Supplied information
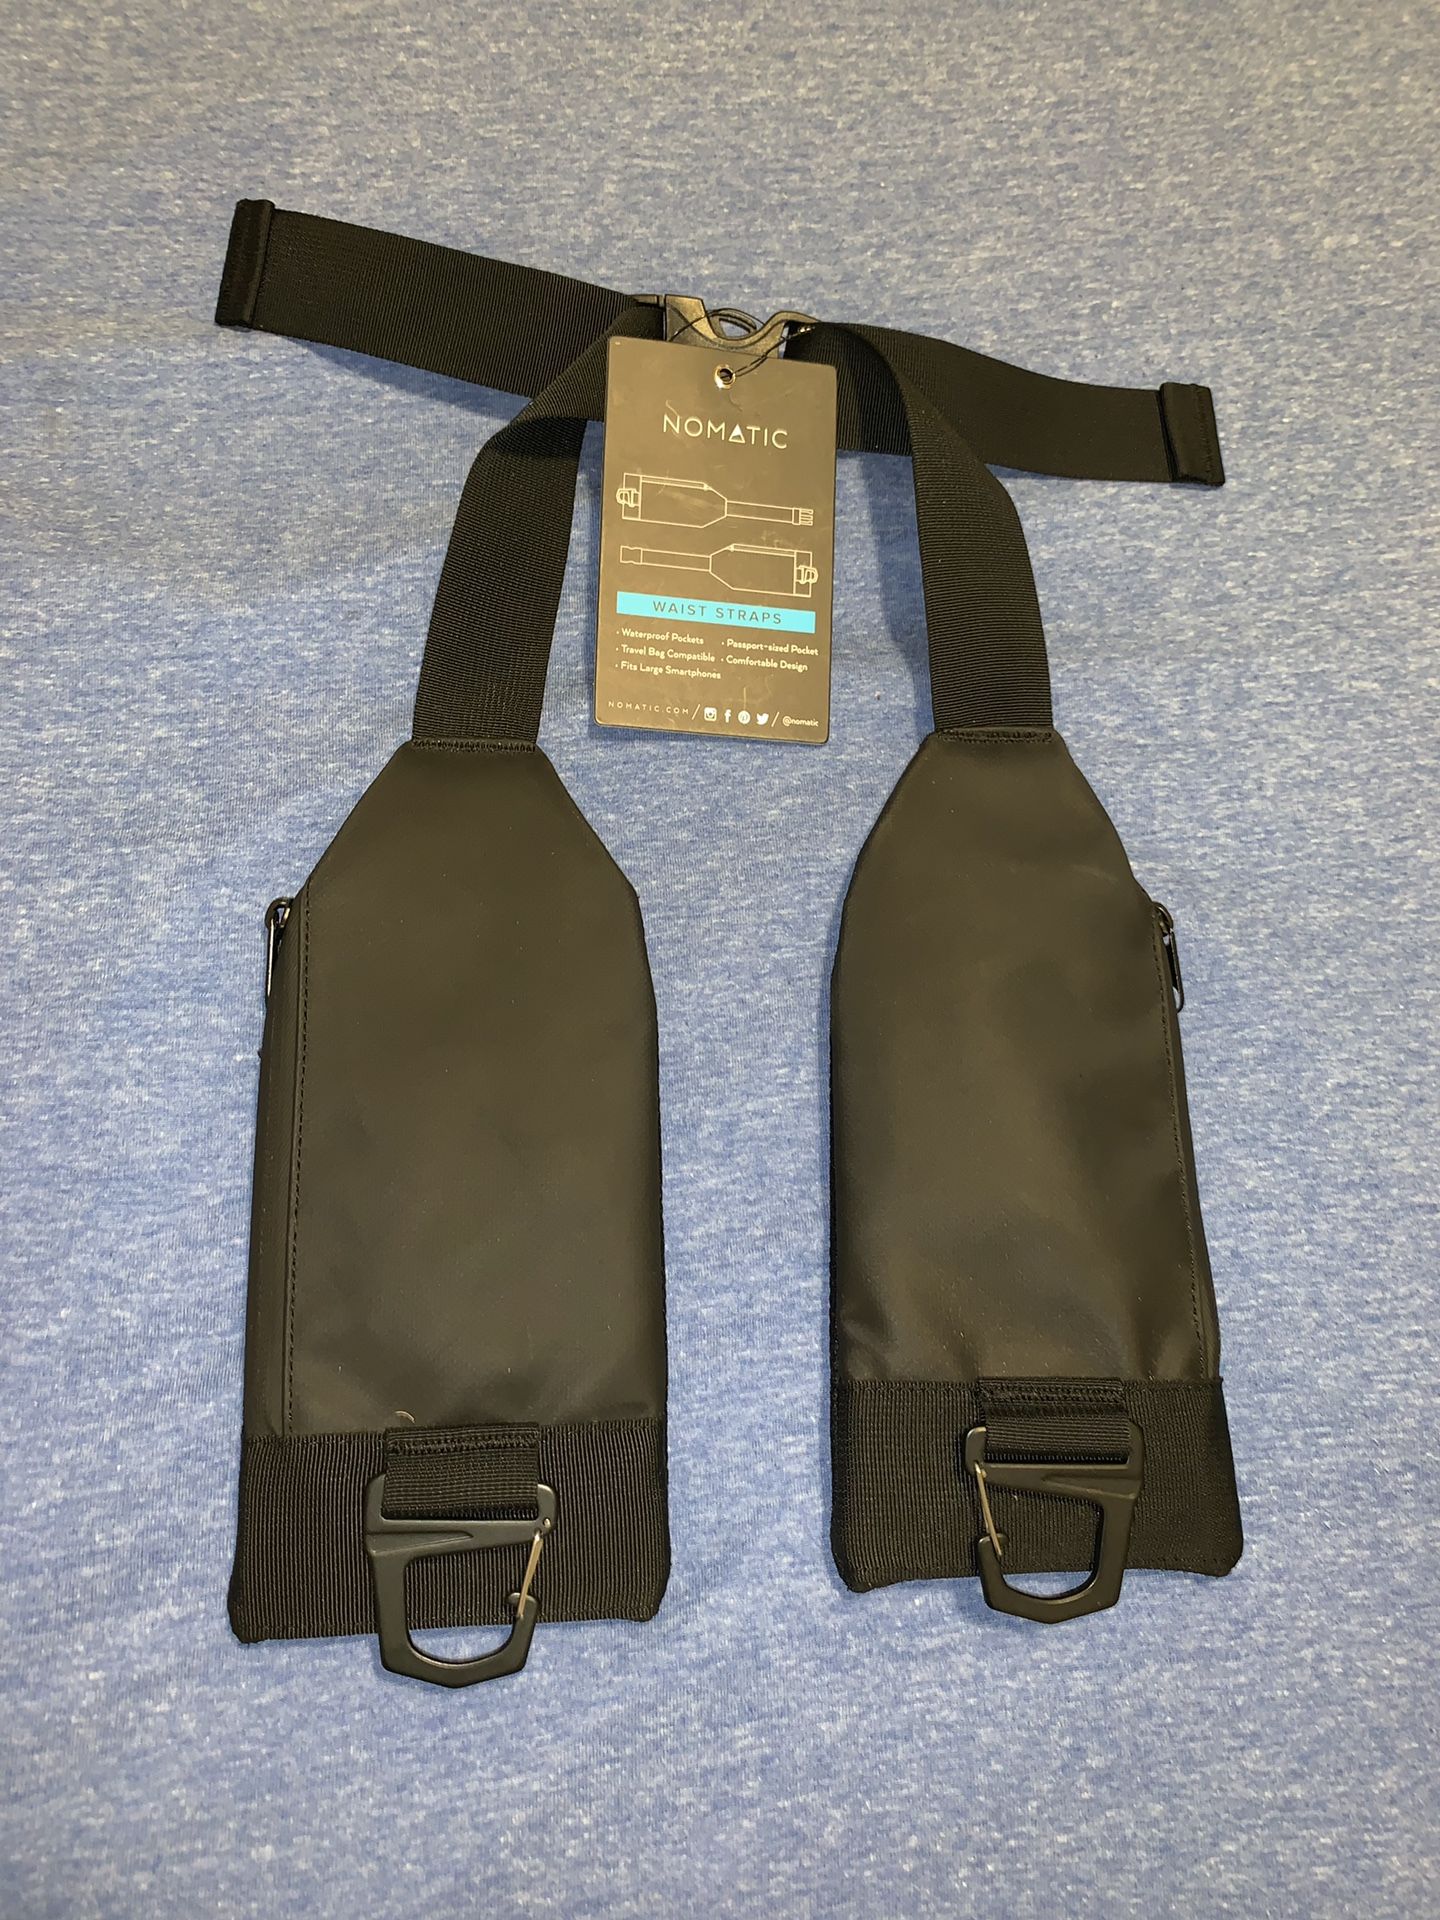 NOMATIC WAIST STRAPS - BRAND NEW NEVER USED
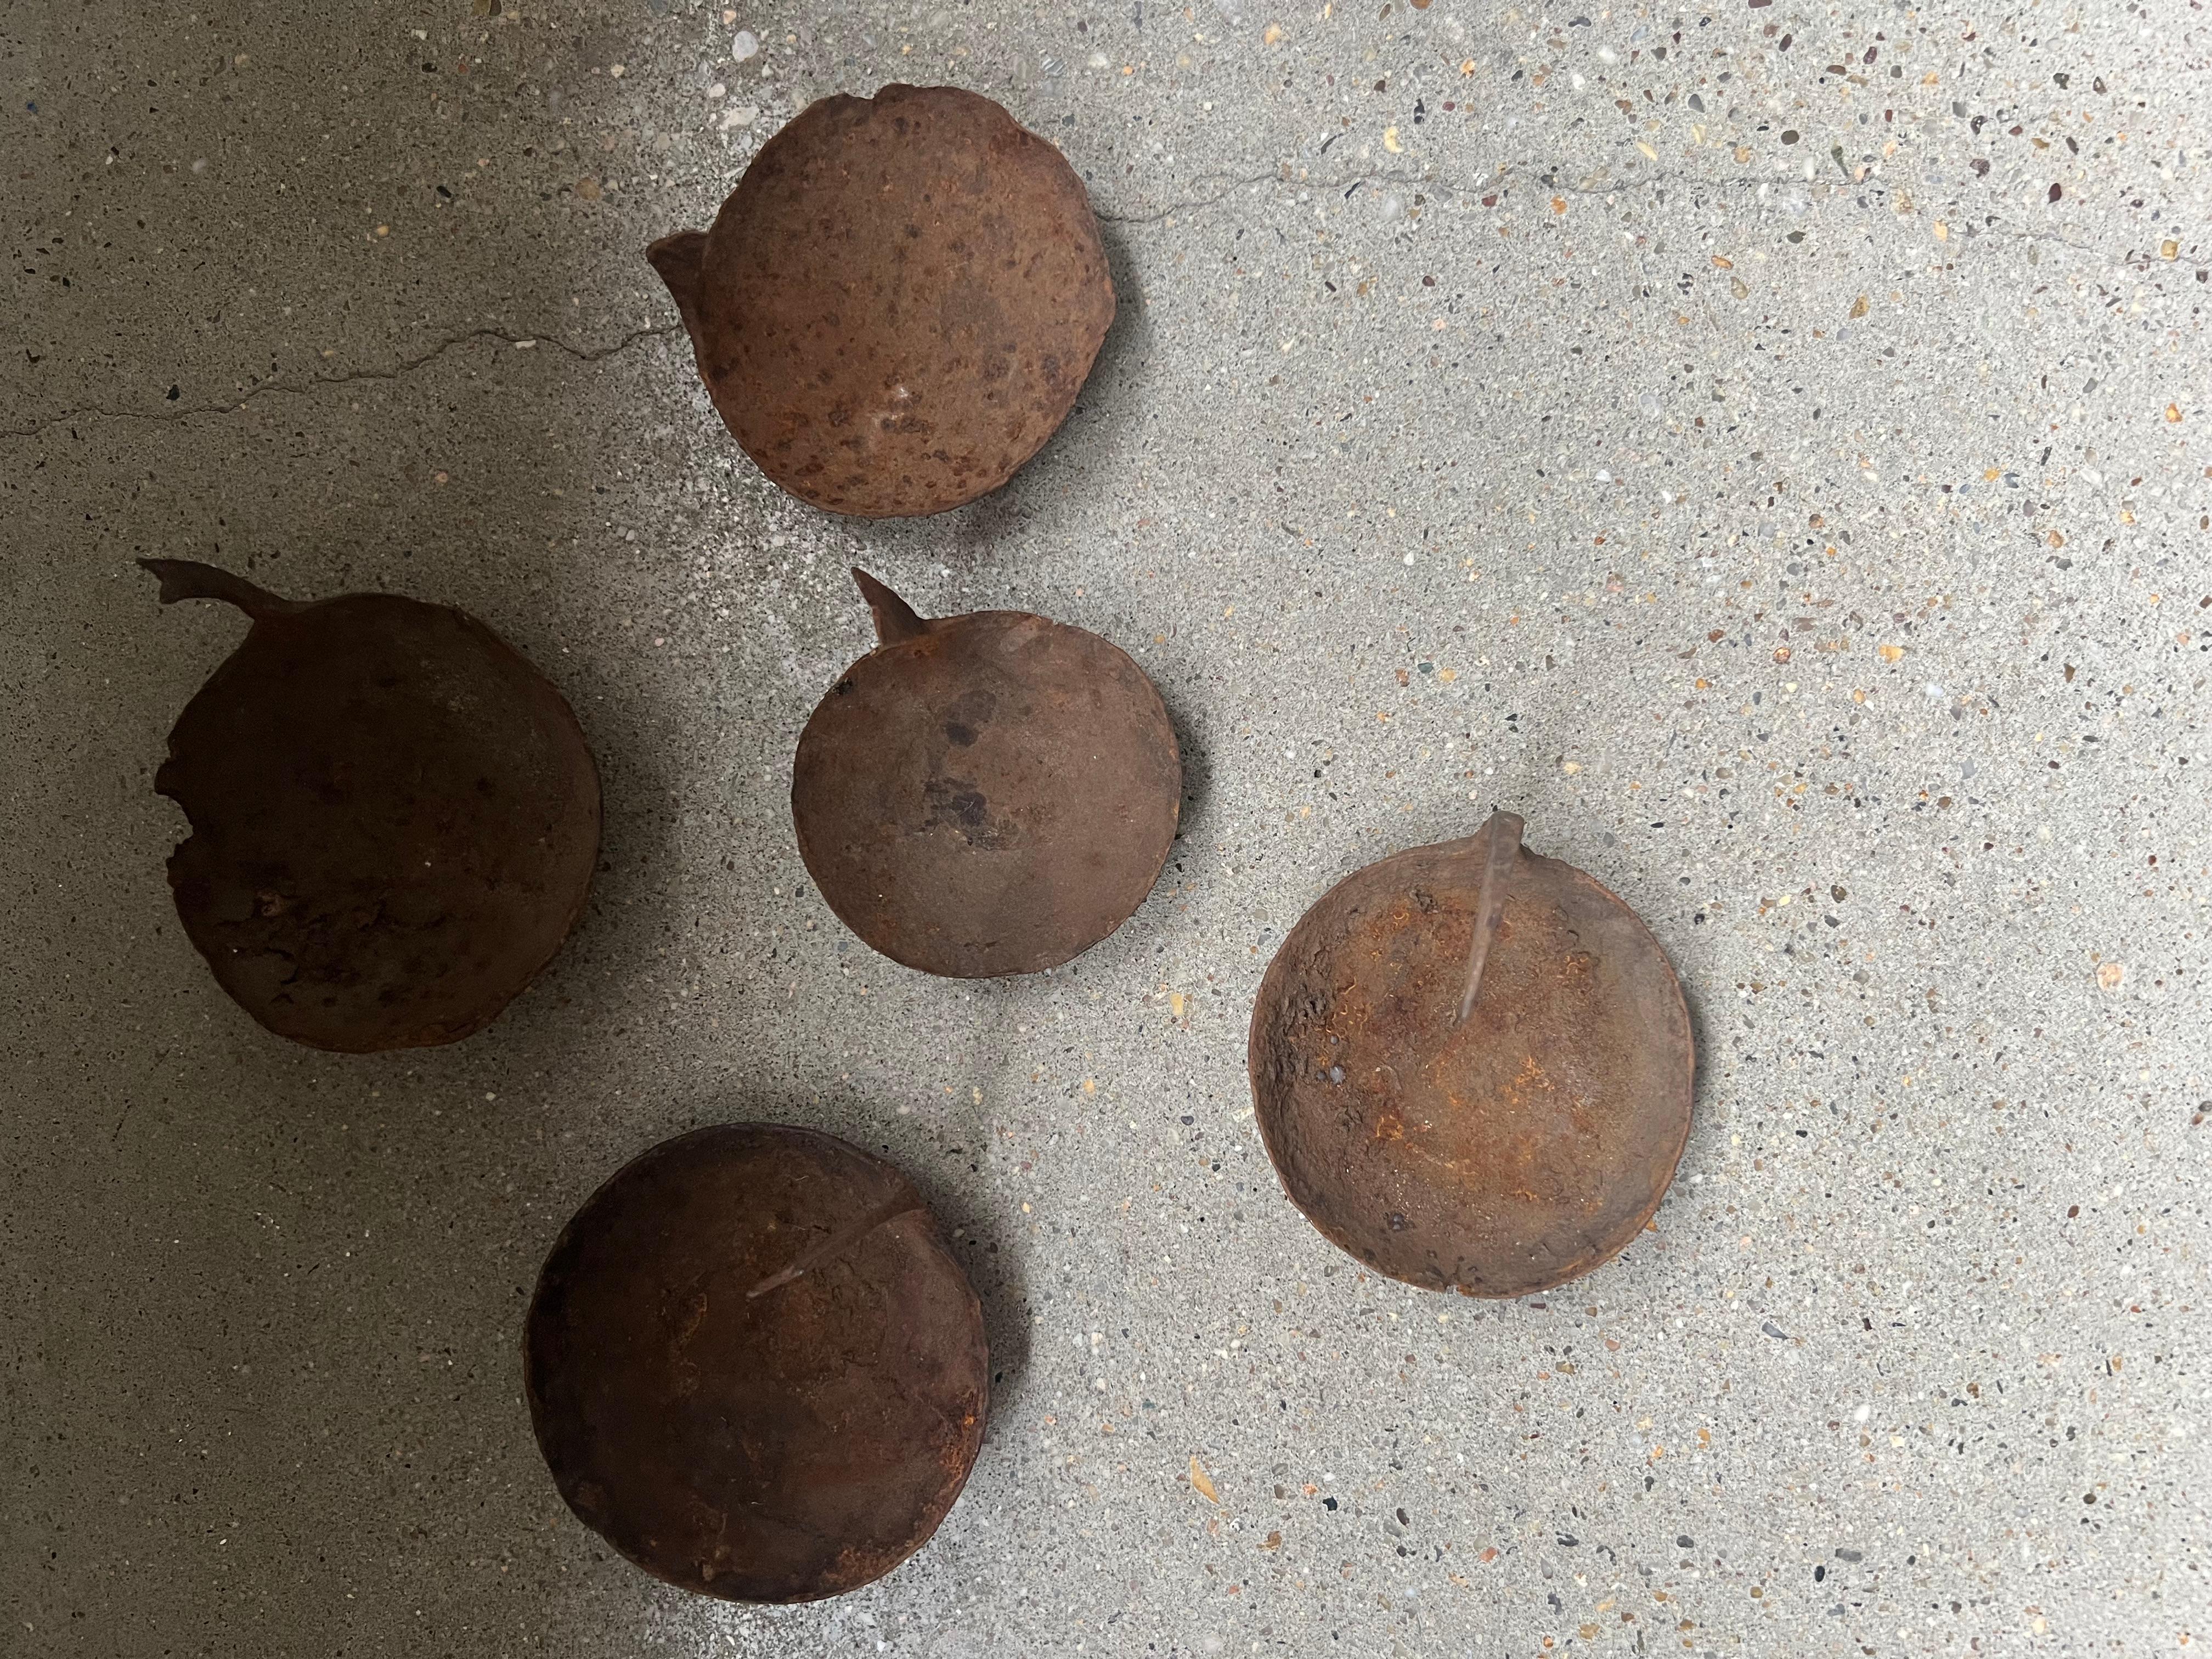 The rust on these oil burners can add character and a sense of age to the collection. The patina tells a story of the wear and tear these burners endured over the years, giving them a weathered and vintage aesthetic.

Collection of 5, ranging in
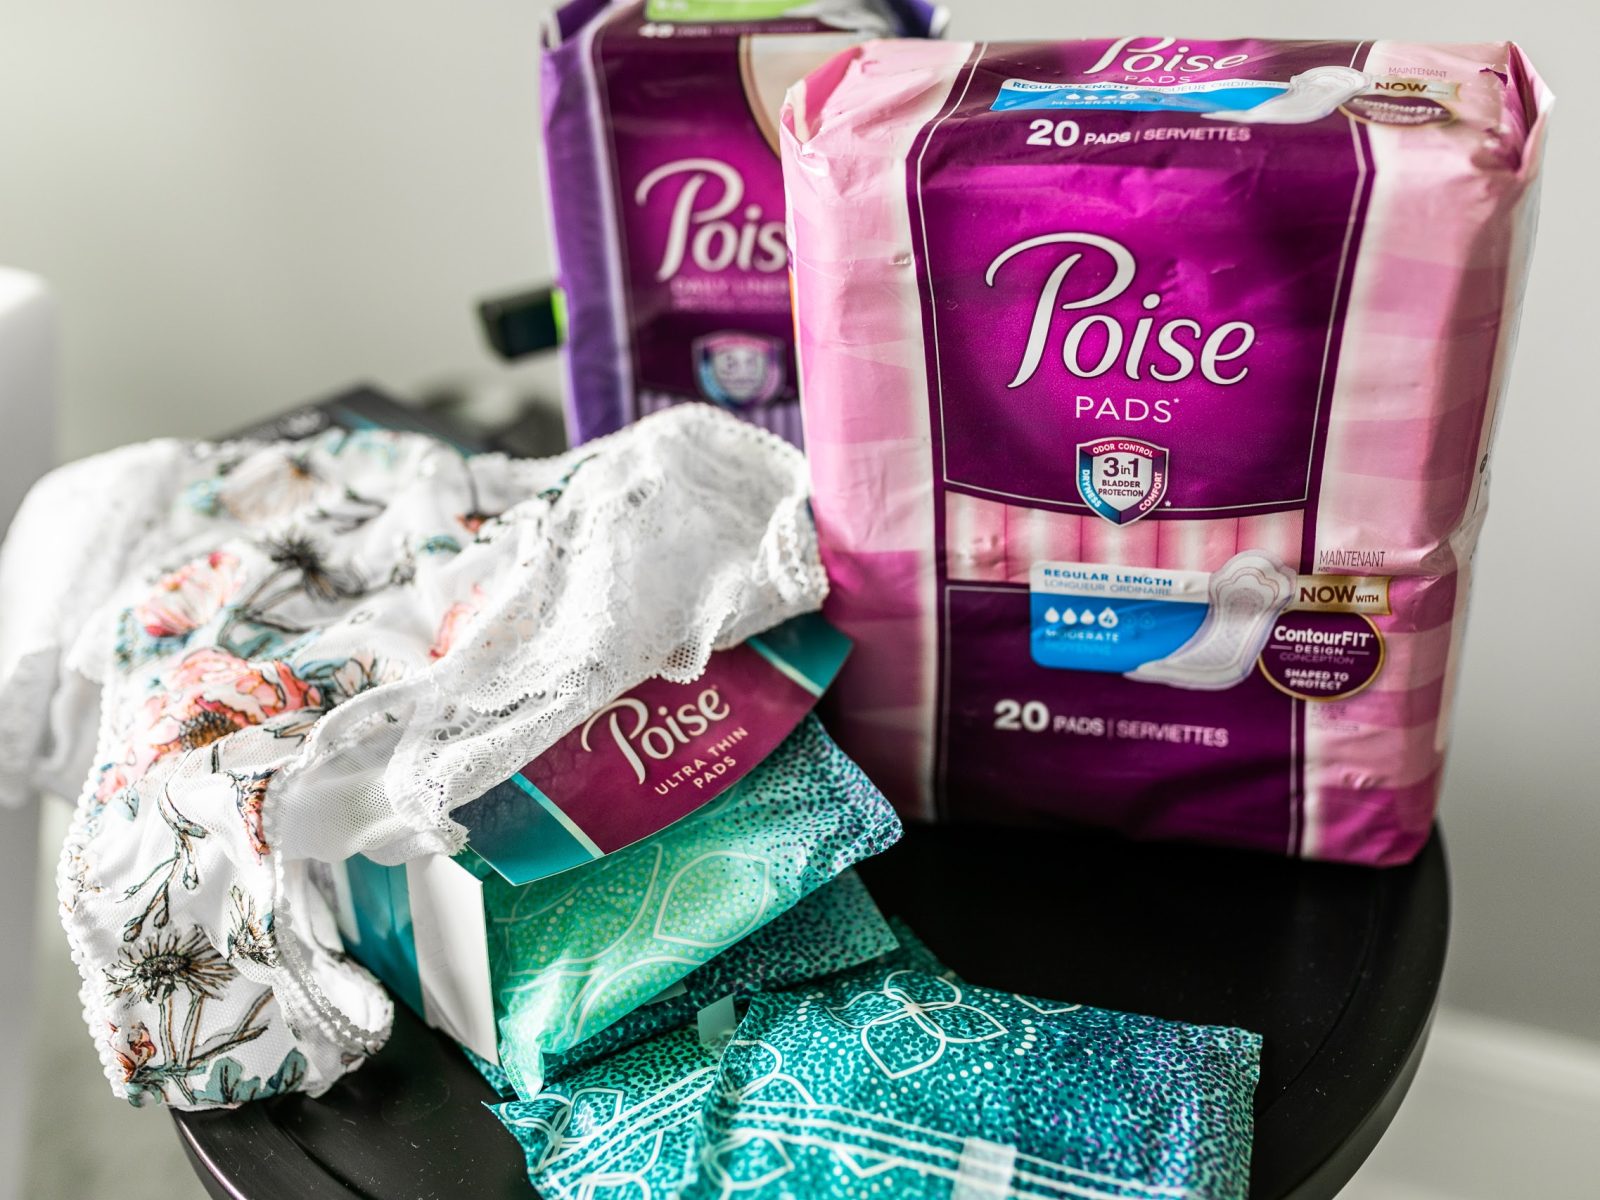 With Poise® You Can Laugh In The Face of Leaks – Save $3 At Publix

Exercise
Write out the data precisely as given, excluding the pictures.

Answer space
 NOMATIC WAIST STRAPS - BRAND NEW NEVER USED
 The rust on these oil burners can add character and a sense of age to the collection. The patina tells a story of the wear and tear these burners endured over the years, giving them a weathered and vintage aesthetic.

Collection of 5, ranging in
 With Poise® You Can Laugh In The Face of Leaks – Save $3 At Publix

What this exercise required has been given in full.